Infectious disease expert Locwin said getting hospitalized is often about proximity.
"If you are in New Hampshire, Portsmouth Regional Hospital might be 10, even 20 miles away. We know advertising drives behavior and in Boston, you are heading down to the clinics, you are going to get tested, that is going to drive up the numbers including that of serious illness," Locwin said.
"You know the saying: 'If you want to stay healthy, you stay out of the hospital. How many of our residents are staying home even with real illness, not calling out until they have difficulty breathing? I suspect quite a few."
Are all deaths counted?
Last week, New York classified 3,700 past deaths as COVID-19-related, even as the CDC advised all state public health leaders to examine whether they have attributed deaths to pneumonia or other illnesses that were really linked to the virus.
"It gets really dodgy with the gamed numbers per state. We are calling things COVID which aren't and we aren't calling COVID when it is," Locwin said.
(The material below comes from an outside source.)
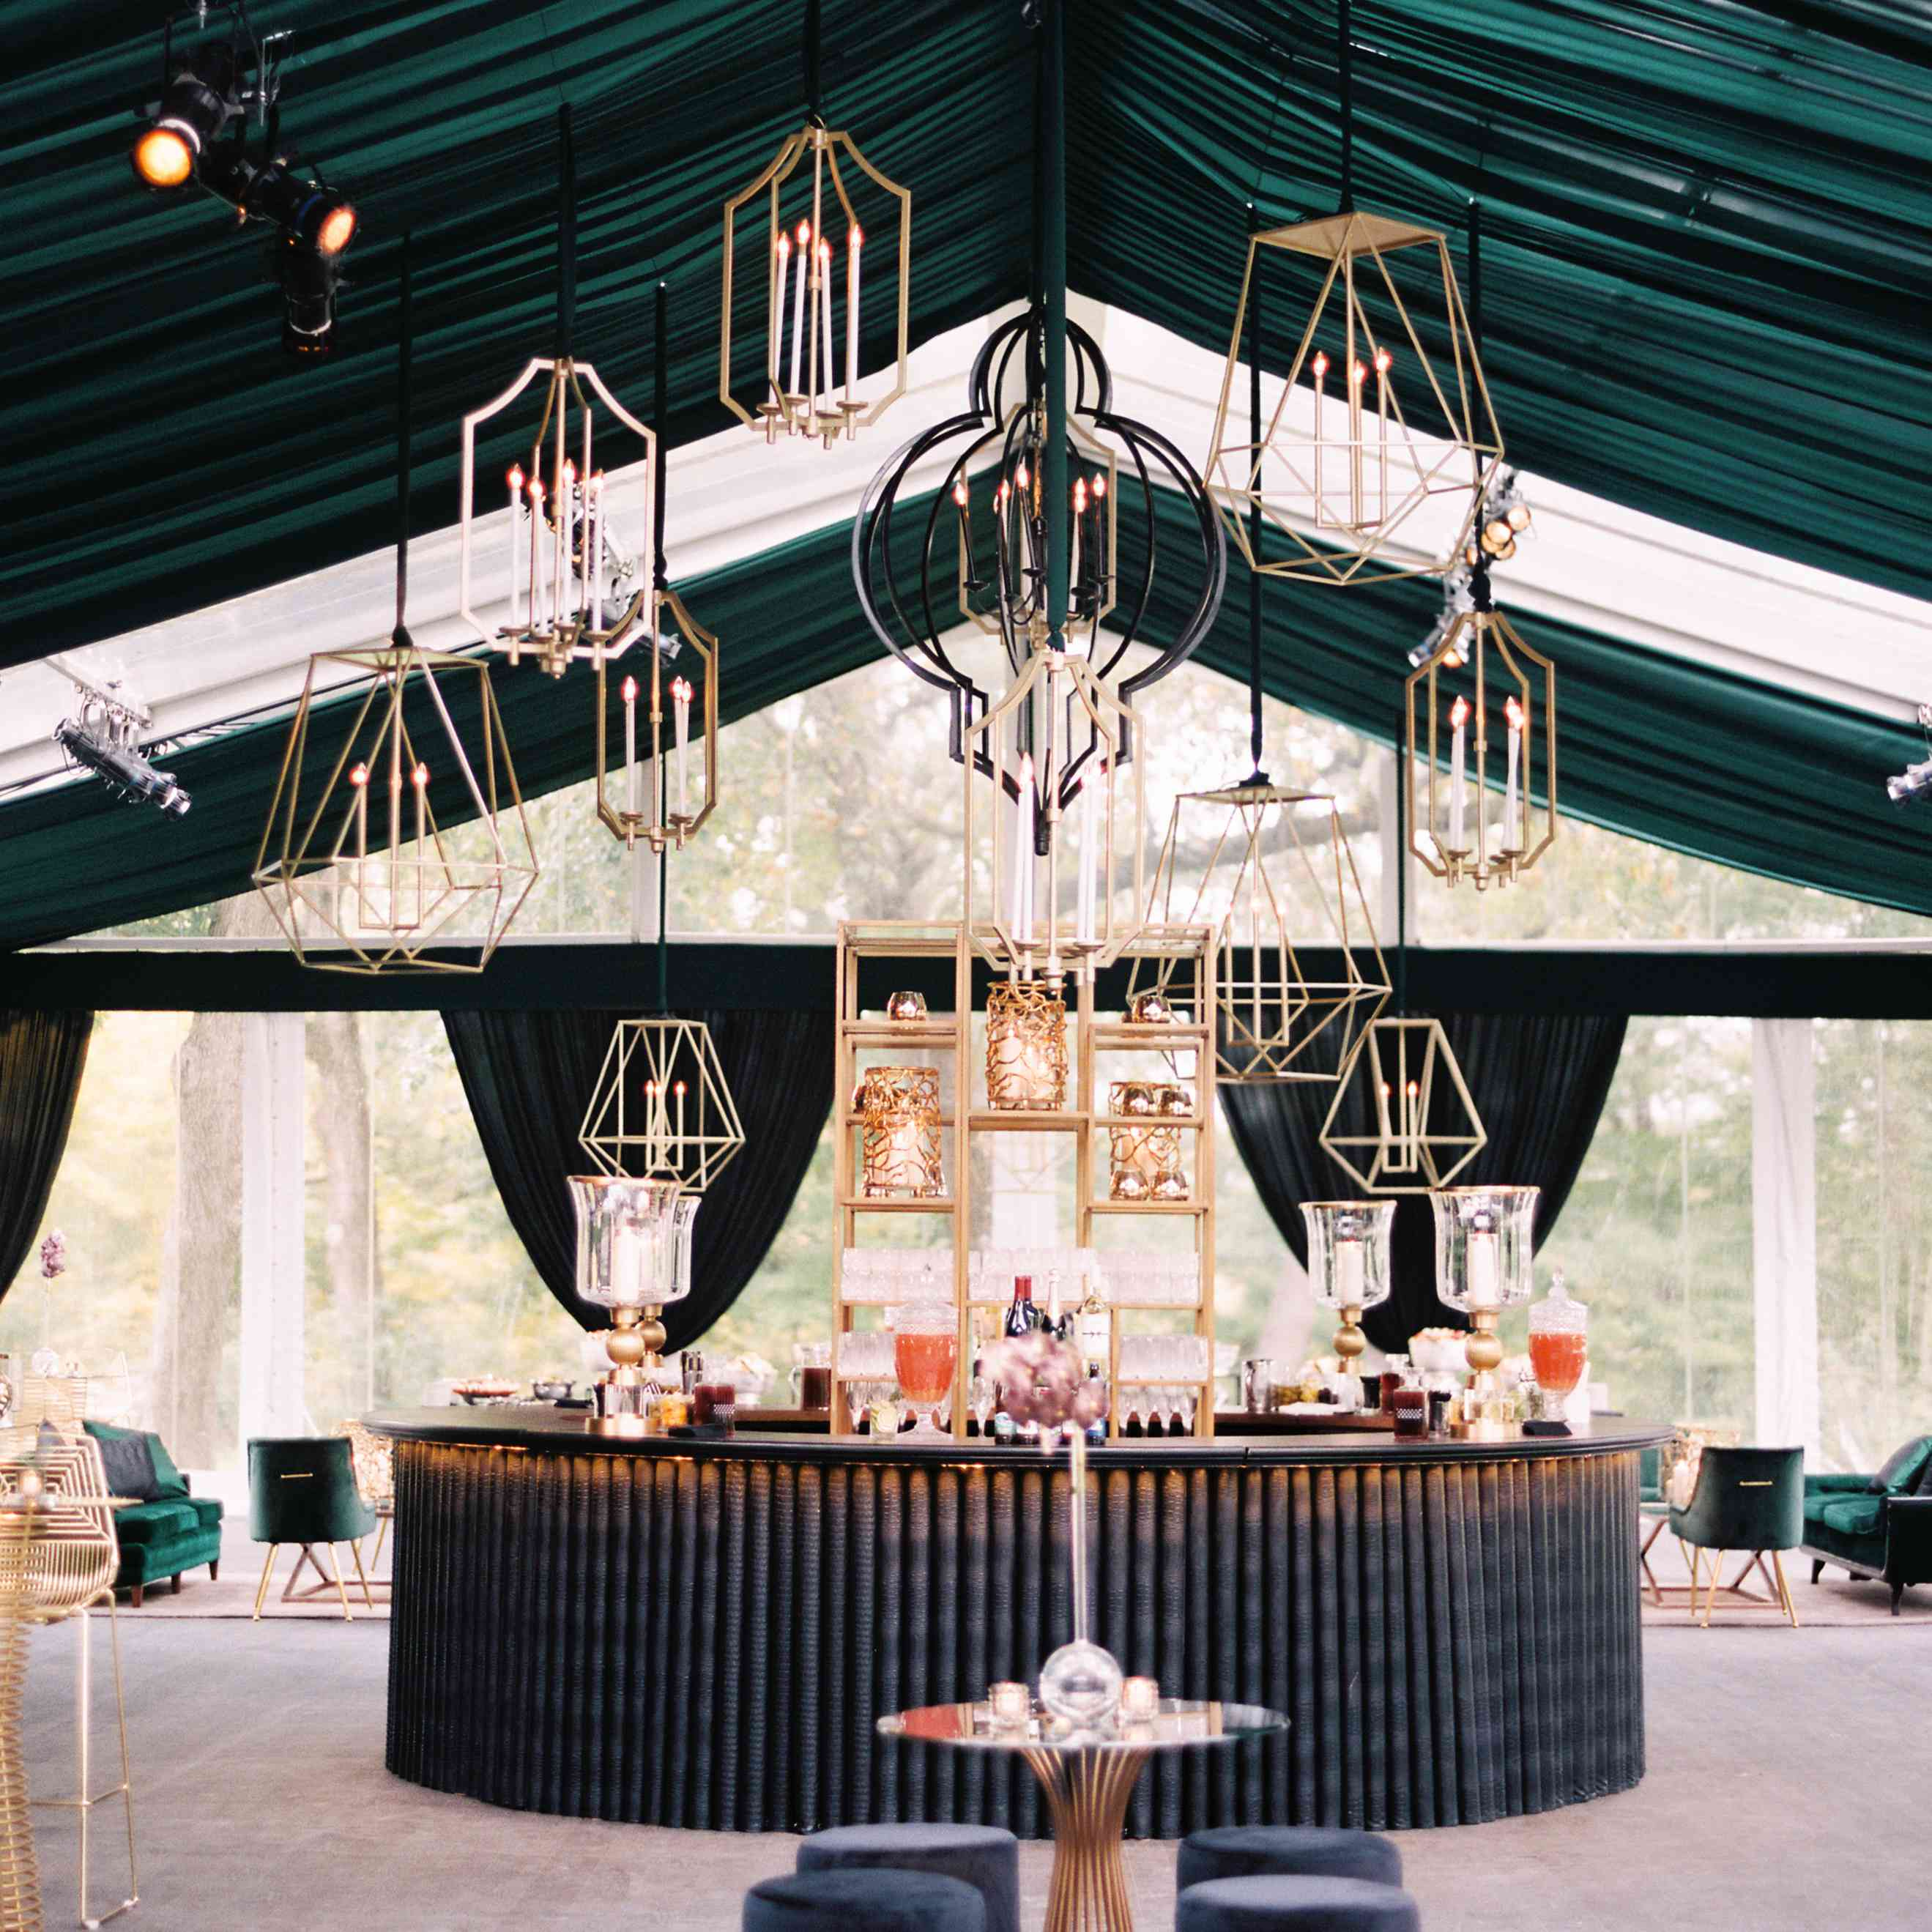 Reception bar area

"The people calling it are gaming the numbers, not intentionally, but there's no uniform standard. When you say a fatality rate in Mass. is 4%, I say that's probably plus or minus 4%."
Shibinette said the state might have missed a few cases, but she doubts the numbers here are large.
"We have worked very, very closely with our medical examiner to create a plan around untimely deaths and whether they could be COVID-related," Shibinette said.
"It may happen, but based on all the planning we have done, I don't think it's a factor here."
Caution on 'opening up'
On a Union Leader social media chat last week, more than 80% of participants urged Sununu to be cautious about reopening New Hampshire while the virus is still peaking in Massachusetts.
"It's a major concern and the main reason why New Hampshire cannot ease up on stay-at-home orders until Mass. is under control," said Shawn Scott, a Merrimack native who lives in Manchester.
Former state Senate candidate and businessman Steve Kenda thinks otherwise, after signing a petition calling on the governor to "Reopen New Hampshire" next Friday.
"Let those of us that want to go work out, eat out, to movies, to sporting events, have our freedom back. If those concerned here are right, then we individuals choosing a different path will suffer the Darwinian consequences of our decision," Kenda said.
"If you're at risk, have a compromised immune system, are elderly, you're welcome to take a different path. Wait for the vaccine and serological tests. Stick with Netflix and avoid us, but let those of us that value our liberty over safety get on with living and dying."
Some, like Jon Christenson of Salem, a Boston TV graphic designer, thinks New Hampshire residents need to be even more careful. "What concerns me more is what I see when I do have to go out. People are not taking social distancing seriously and are oblivious to others in some cases," Christenson said. "I see people without masks or gloves, standing around you or walking very close to you, touching everything. I wonder if they think it's all a hoax."